Will not be required. Your Mac or PC will do it (read the DVD or other media) and prepare it to be sent wireless (probably encodeed) to the Apple TV that will decrypt it and push it to your TV screen. You will not put a DVD in the Apple TV directly.


----------



## mindbend (Jan 11, 2007)

I think this is a great thread, FWIW.

In addition to the other excellent points, here's mine:

AppleTV

1. No HDMI 1.3 AFAICT
2. No 1080P

iPhone

1. No speech recognition for dialing?

Random thought:

I can't imagine that the iPhone won't support third party apps (whether Apple likes it or not!)

But to be clear, I think both of these products are excellent. I already ordered my AppleTV. Personally I think the AppleTV will be more influential than people think.


----------



## chevy (Jan 11, 2007)

The worst thing in the iPhone is its name. "iPhone"... bleark. iPod would be much better !


----------



## chevy (Jan 11, 2007)

mindbend said:


> ....
> But to be clear, I think both of these products are excellent. I already ordered my AppleTV. Personally I think the AppleTV will be more influential than people think.



I fully agree !


----------



## symphonix (Jan 11, 2007)

fryke said:


> 1.) Onscreen keyboard. I have yet to use one that actually works fine. If it does, that's good, but I don't believe it just yet.



Did you see a demonstration of the on-screen keyboard? It seems quite clever, and uses an error-correction system that automatically turns "siunds prwtty cpol" into "sounds pretty cool" by looking at the keys surrounding where you pressed. I don't think anybody has tried it quite like that before.

Compared to the methods millions of people use every single hour to send SMS messages (tap tap tap tap S tap tap U tap tap tap C tap tap K ...), or the tiny keyboards on existing smart-phones, I'd expect Apple's method to be quite an imporvement.


----------



## andychrist (Jan 11, 2007)

And as Steve Jobs pointed out, the problem with devices that rely on buttons for input is that they can't be altered or added to after manufacture.  Obviously the iPhone was designed to accommodate the installation of new apps by way of Widgets, whether written by Apple or authorized third parties.  But really I think the potential of the new technology here is even more important and exciting than the phone itself: "The first thirty years were only the beginning."  Just imagine the possibilities of multi-touch and predictive computing on full-sized, high resolution displays, with auto-orientation via the accelerometer.  Suddenly you can manipulate your computer desktop as intuitively as if it existed in real space, never having to go back and forth between keyboard and mouse.  If Apple incorporates MT into its whole line, and optimizes Leopard for it, that will really change computing as we know it.  And hasta la Vista, baby.


----------



## Qion (Jan 11, 2007)

I fully understand the complaint of being tied to Cingular. I wouldn't want to be tied to Cingular either, they suck. However, somebody will inexorably figure out how to unlock the iPhone (just like every other phone that has come out in the past couple years) and start selling it on eBay. At that point, the carrier argument becomes unarguable. 
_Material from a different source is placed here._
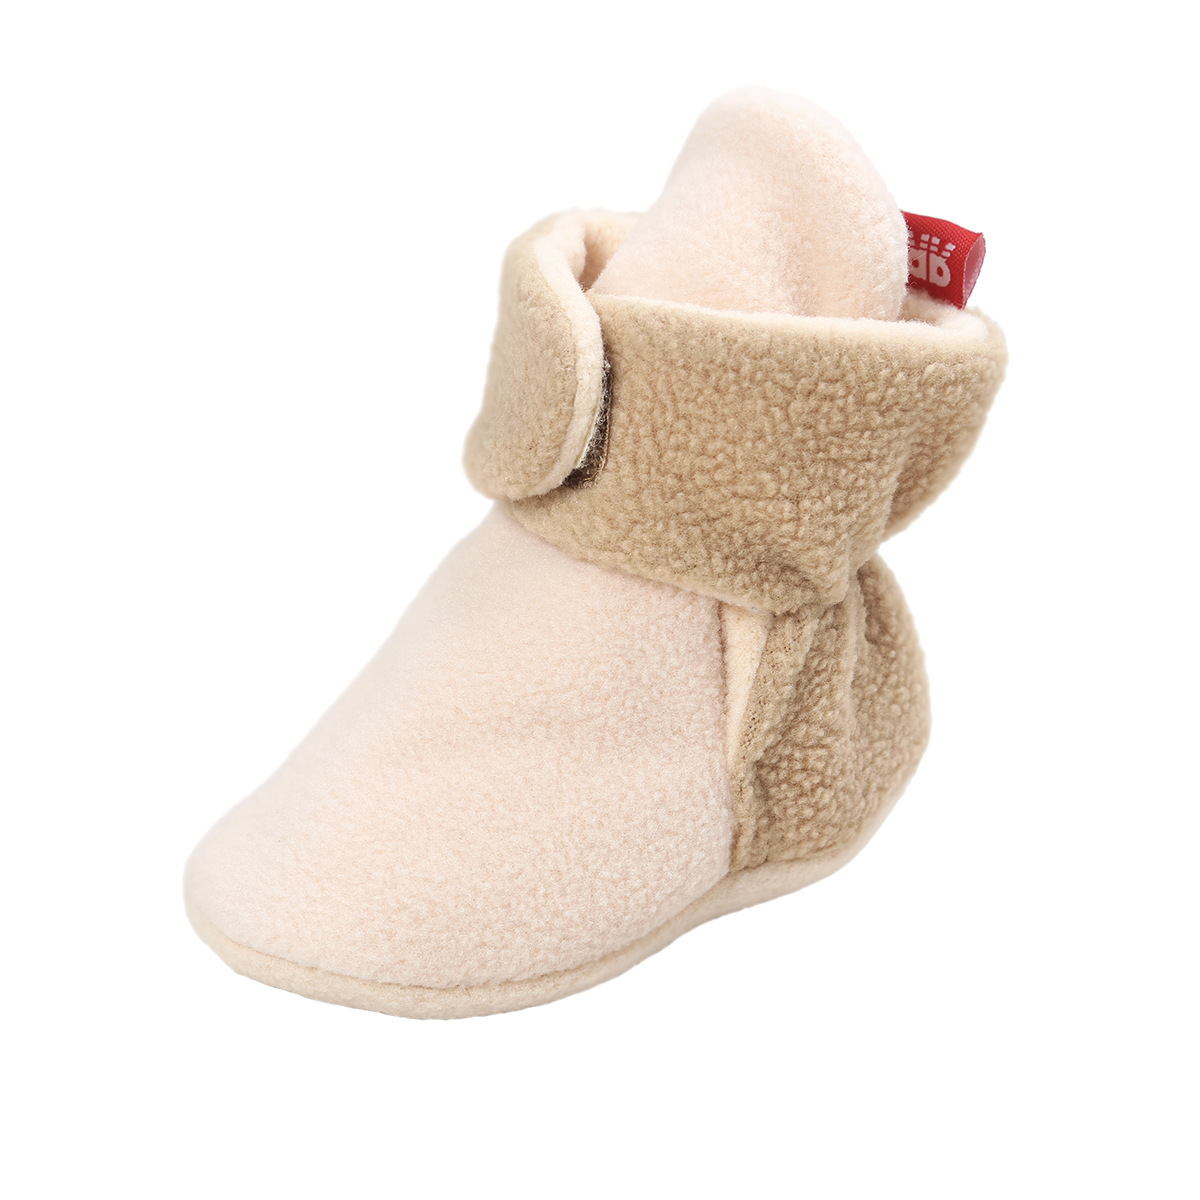 Chaussures bébé en coton - Ref 3436821 Image 52
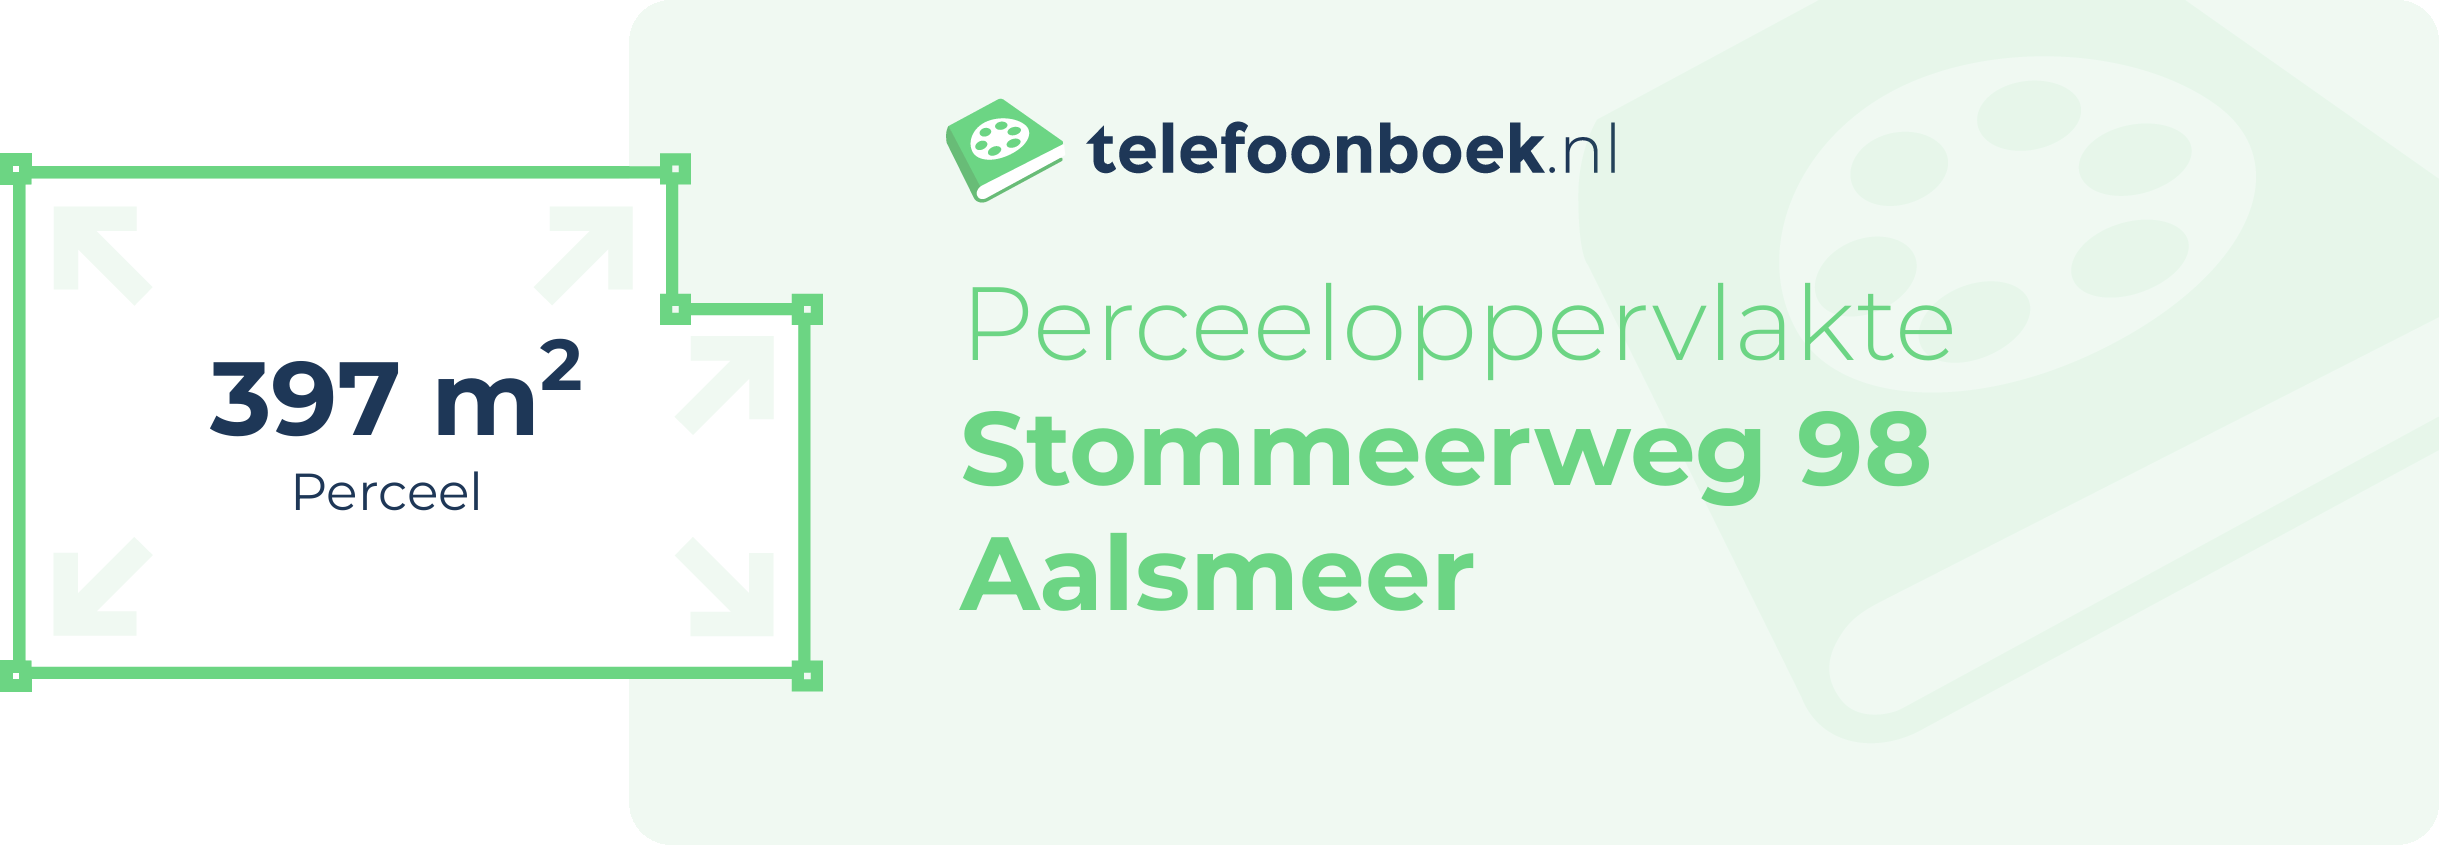 Perceeloppervlakte Stommeerweg 98 Aalsmeer

I share Fryke's skepticism about the on-screen keyboard. I really can't imagine typing with one finger being that good, error correction or not. You're still pecking a character for each letter you intend. I can't wait to actually use one of these things in person, for I have many aesthetic things I would like to find out in the flesh. 

The iPhone name was a stupid move; it's been in use (and trademark) since -AFIAK- 1997. I don't understand what Apple was thinking... they're more talented than using someone else's name, whether or not it goes along with their concurrent scheme. 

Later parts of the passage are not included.